In our assembly model, these factors are represented by the rate constant for the assembly step. If the assembly rate constant for the defective particles is equal to that for monopartite virus particles ${(a}_{def}=a_A$), then the assembly process works well for defective strands, and defective strands will spread as parasites of the monopartite virus. In this case, we have shown that a variant D*, which starts to associate with E and form S particles, is not selected. In the absence of this association, segmented particles do not form, but D and E can be transmitted separately and, if α is sufficiently high, the bipartite virus D + E can eliminate A. The bipartite combination gains an additional advantage in conditions of excess protein resources, because a larger total number of D and E particles can be produced. The alternative case is when D and E do not assemble efficiently into virus particles ($a_{def}\ll a_A$). In this case, we have shown that the variant D* that associates with E is selected by evolution. In this case, S viruses spread and can eliminate the monopartite viruses if α is sufficiently high. We have shown that the segmented virus has an additional advantage under excess RNA conditions.

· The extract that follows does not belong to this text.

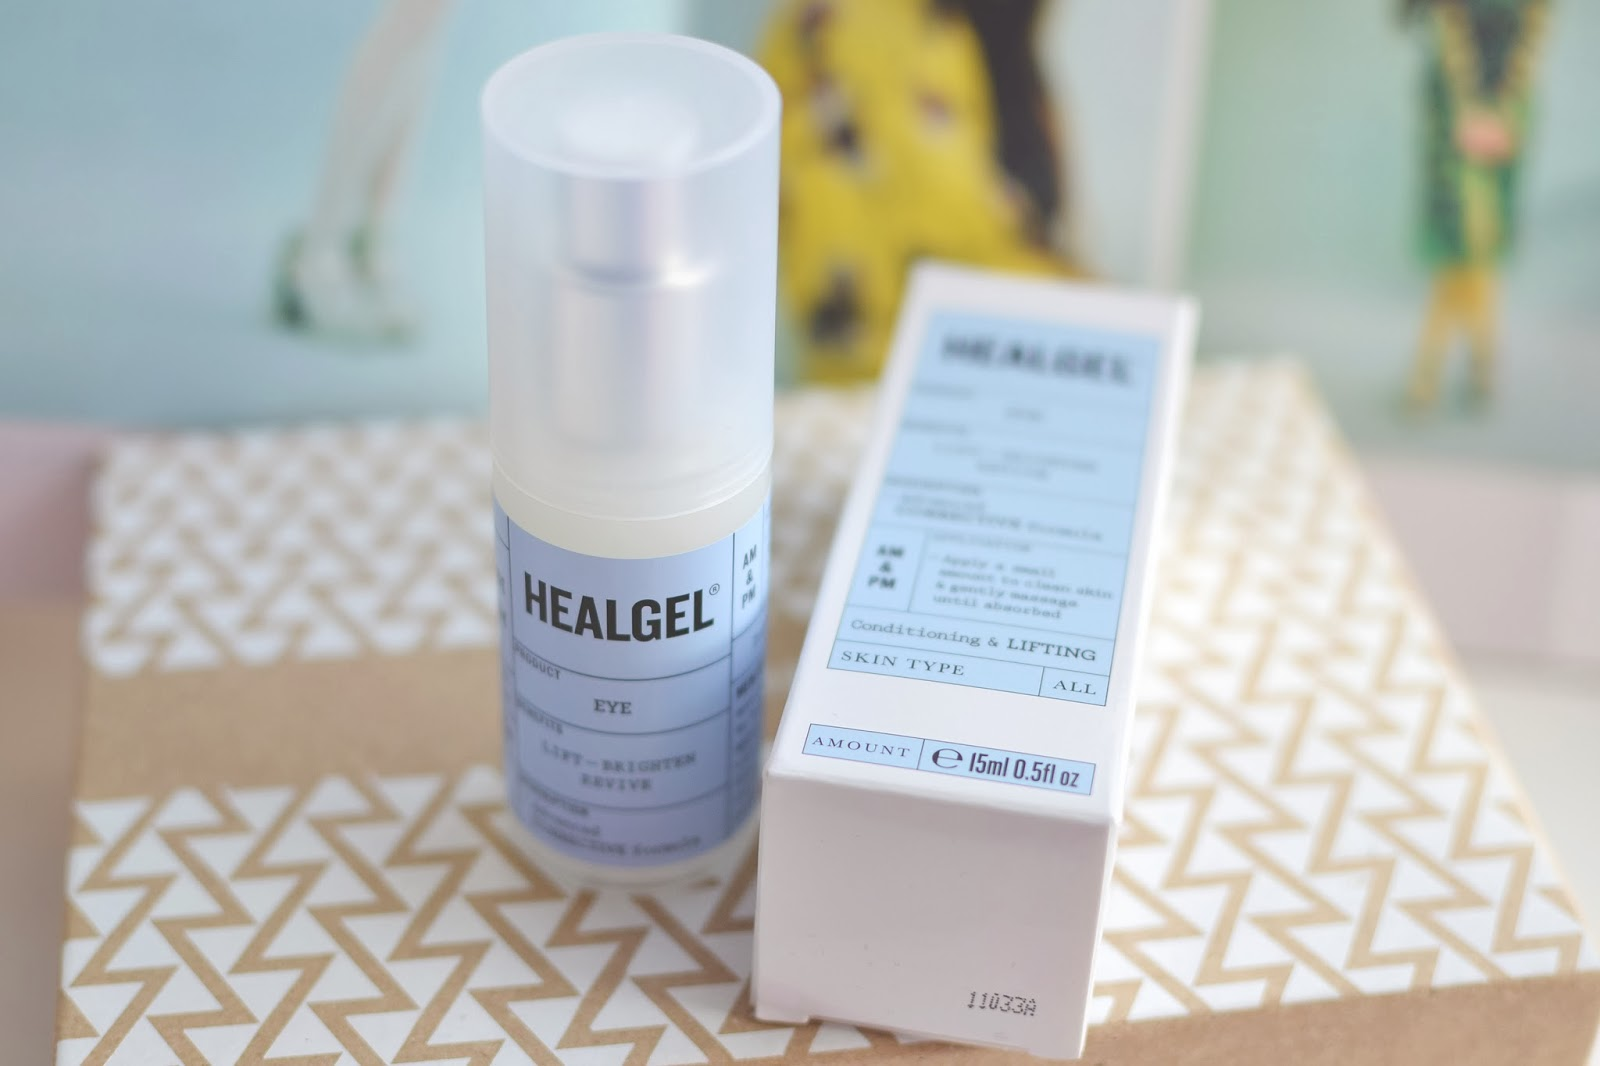 healgel eye review, best affordable eye cream

In our model, we assume that the same number of capsid proteins are used for every virus particle (corresponding to one unit of PR). This is be the case if the capsid has a well-defined shape determined by the shape of the capsid proteins. However, if the capsid proteins have the flexibility to assemble into structures of different sizes, then fewer capsid proteins are used to make a capsid enclosing a D or E strand than an A strand. In this case, less than 1 unit of PR is used for D and E particles, and it is possible to produce more D and E particles than A particles even in balanced resource conditions. If the possibility of forming smaller capsids for D and E particles exists, this will also make it easier for bipartite viruses to evolve. For capsids that are filamentous or rodlike, the number of capsid proteins required should be proportional to the length of the RNA. This suggests an advantage to bipartite viruses when the capsids are filamentous or rodlike. In fact, several of the examples of origin of bipartite viruses do occur within groups with filamentous or rodlike capsids (Closteroviridae [11], Potyviridae [12], Virgaviridae [13], Ourmiavirus [15]).

We also investigated the effect of deleterious mutations on the competition between virus types. We find that bipartite and segmented viruses both perform better in conditions of low mutation rate (high replication fidelity). Thus, the low fidelity of RNA replication relative to DNA replication cannot be used as an explanation as to why bipartite viruses occur more frequently in RNA than DNA viruses.